Diabetes mellitus is a serious and spreading health issue that is a significant contributor to early death and chronic illness. It is a long-term metabolic condition defined by chronic insulin resistance and high blood glucose levels (hyperglycemia) brought on by insulin insufficiency.

Repaglinide is an oral meglitinide class medication that lowers blood sugar levels and is used to treat Non Insulin Dependent Diabetes Mellitus (NIDDM). It causes the pancreas to release more insulin, which decreases blood sugar. It has a 1 hour half-life, which is incredibly brief. Additionally, due to a significant hepatic first-pass impact, repaglinide has a low oral bioavailability (56%) rate. Repaglinide dosage ranges from 0.5 to 4 mg administered 3 to 4 times per day. The patient may benefit from repaglinide topical formulation because it lessens side effects and prevents hepatic first-pass metabolism. Repaglinide's transdermal administration is necessary for diabetic patients since stable plasma concentrations are needed for long-term successful blood sugar control in these individuals [3-4].

The goal of the current research was to create a transdermal repaglinide formulation that improves patient compliance and sustains drug release to boost bioavailability. The solvent casting approach was used to create transdermal patches of the Repaglinide drug-inclusion complex type.

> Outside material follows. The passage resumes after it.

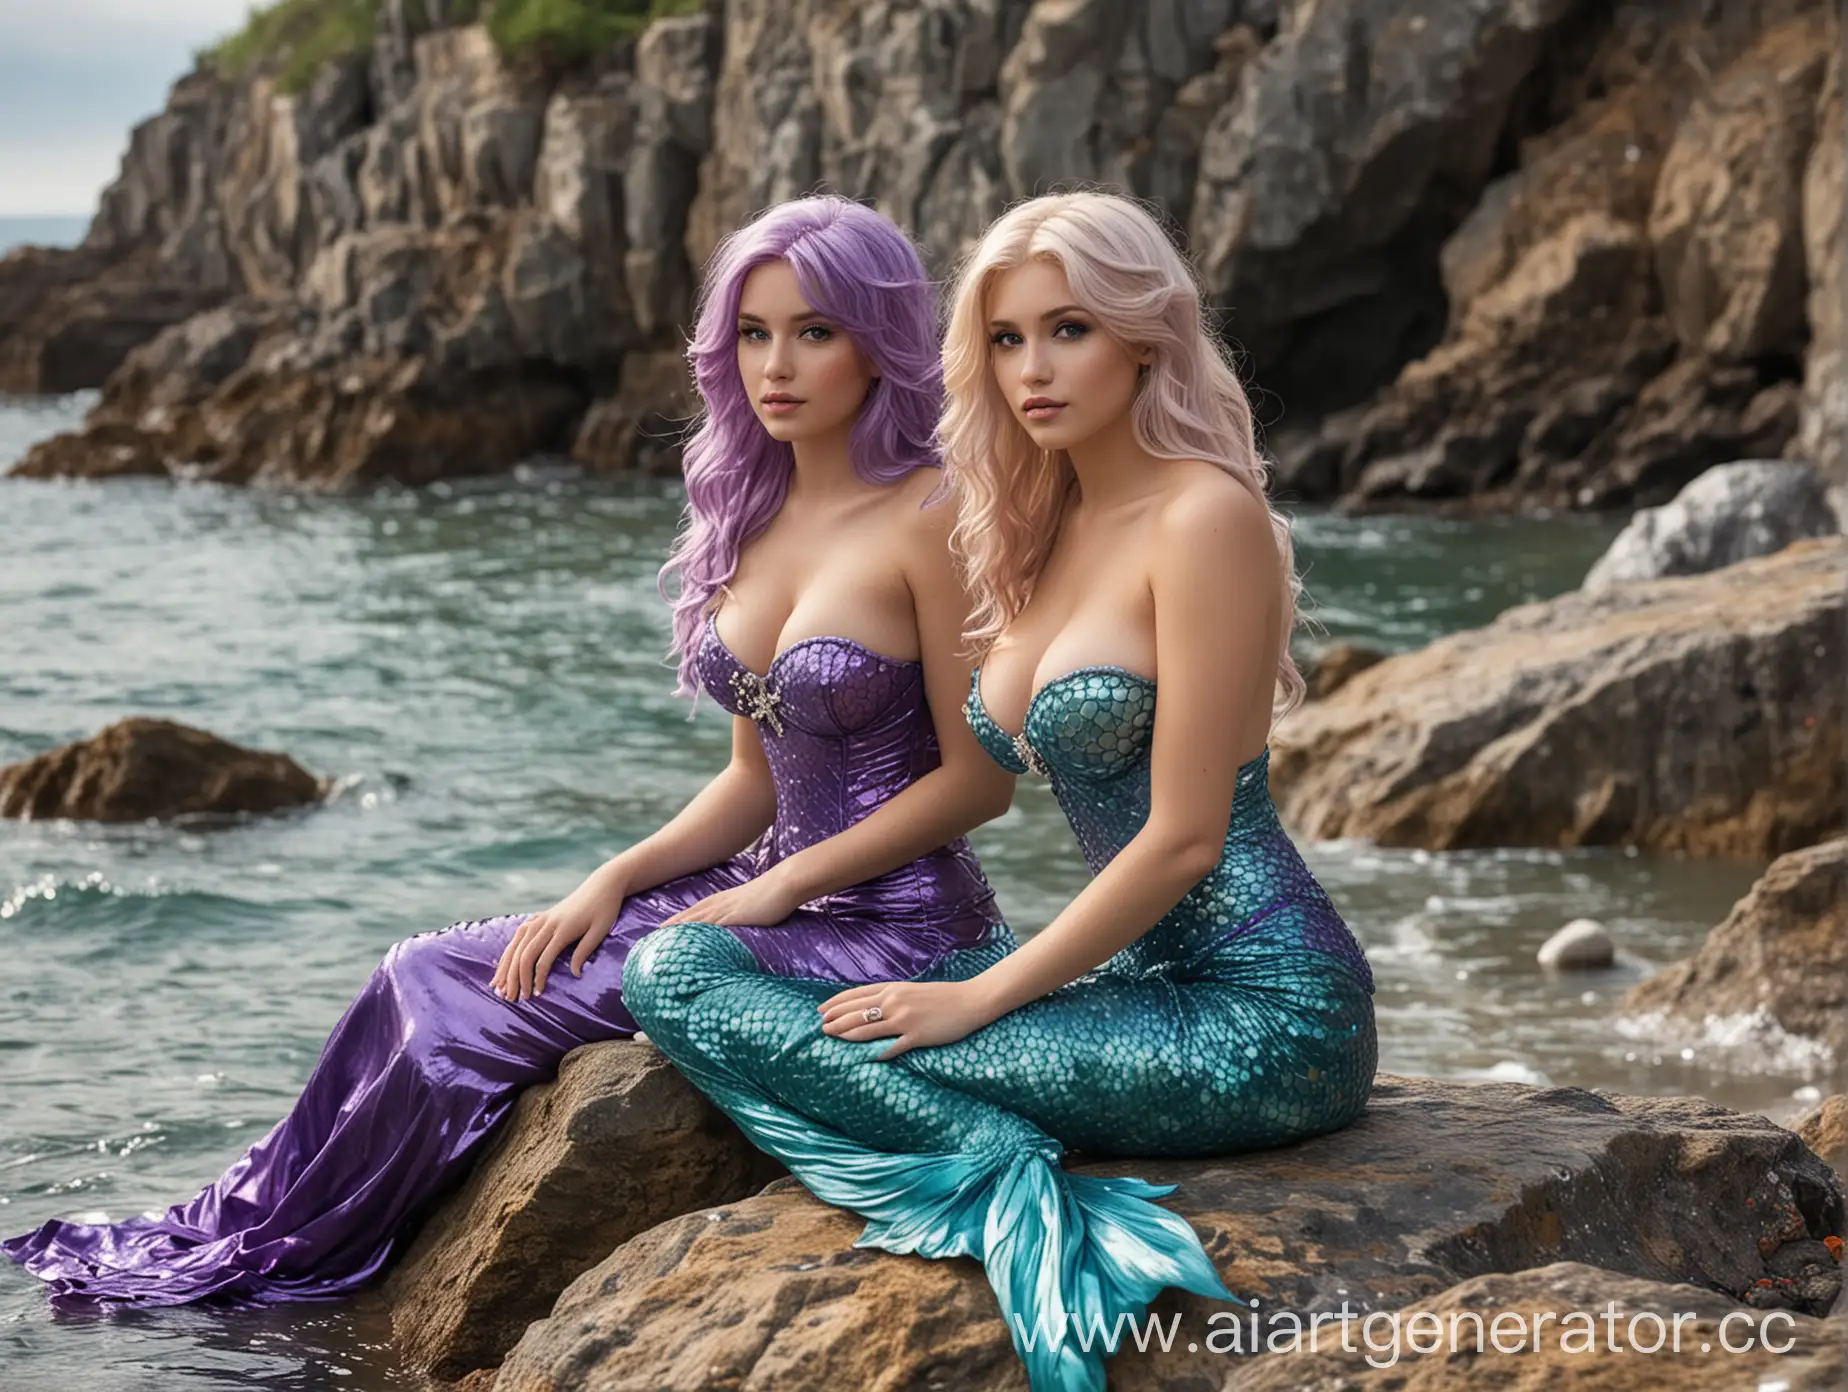 1 busty and beautiful mermaid with short blonde hair, sitting with another beautiful and bustier mermaid that has long purple hair, sitting on a rock near the shoreline.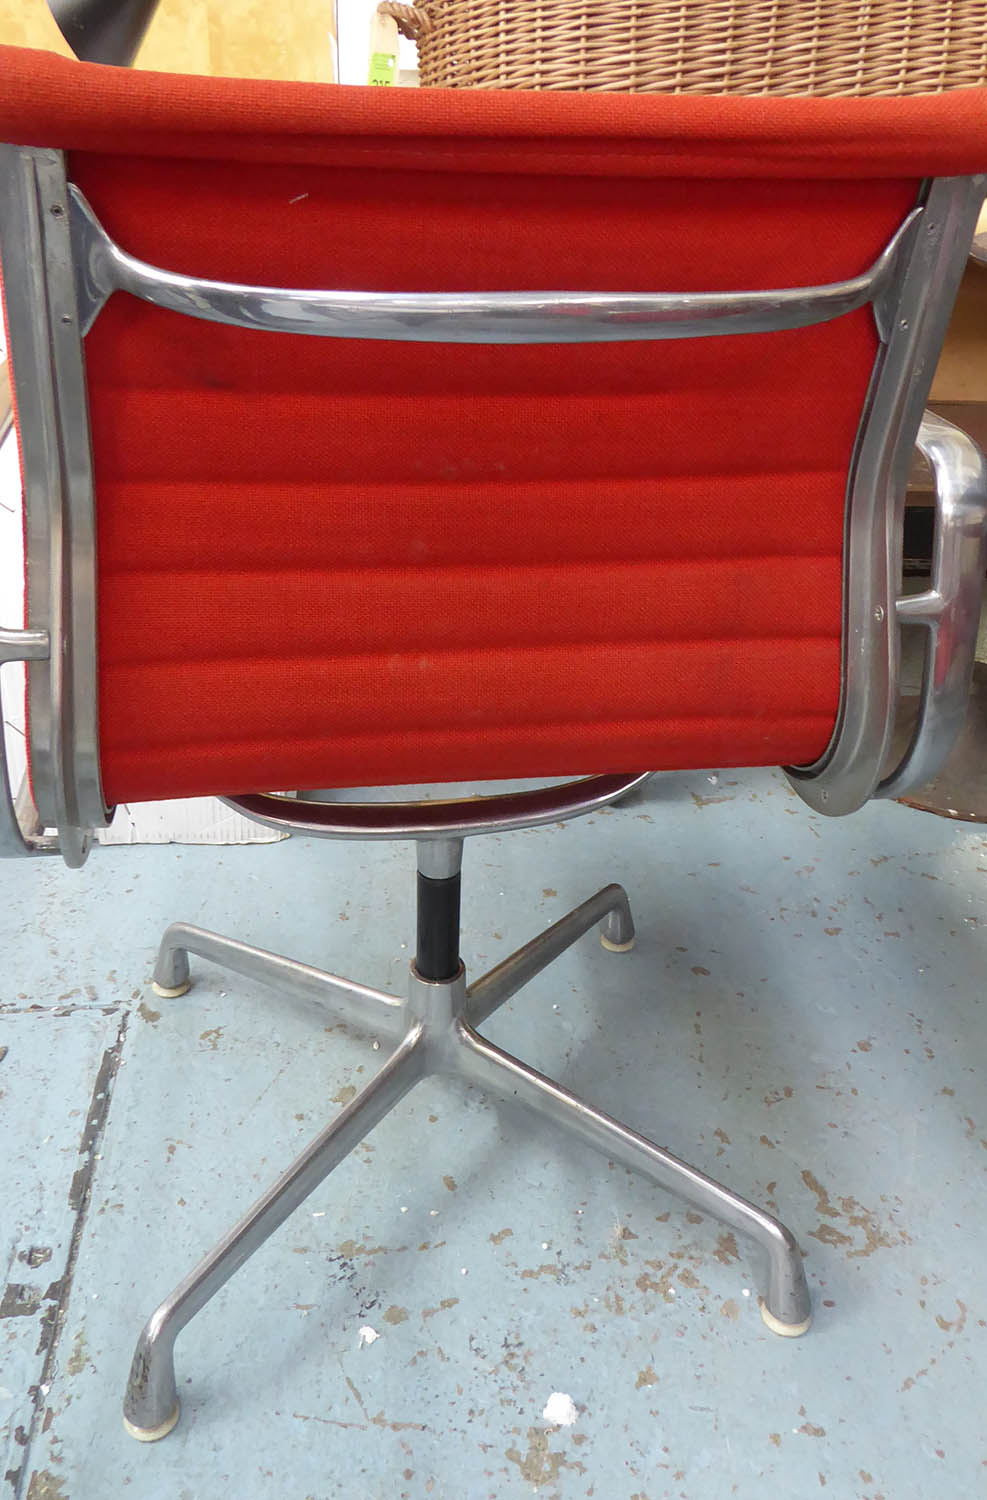 HERMAN MILLER ALUMINIUM GROUP CHAIR BY CHARLES AND RAY EAMES, 83cm H. - Image 5 of 8

Di-butylphthalate was used as a plasticizer at a 20% weight-to-weight ratio in the dry weight of the polymers. Backing membrane was cast by adding 4% aqueous polyvinyl alcohol solution to a petridish containing glycerin, heating it to 60°C for six hours, and then letting it evaporate. The drug matrix was made by dissolving various polymers (PVP with HPMC, EC, or Eudragit L100) in a solvent containing dimethylformamide in various ratios with drug complexes. Using a magnetic stirrer, slow stirring was used to create the uniform dispersion. On the ready backing membrane, a prepared homogeneous dispersion with plasticizer is poured. A drug polymer matrix patch was created by slowly evaporating the dispersion over a two-hour period at 40°C[5].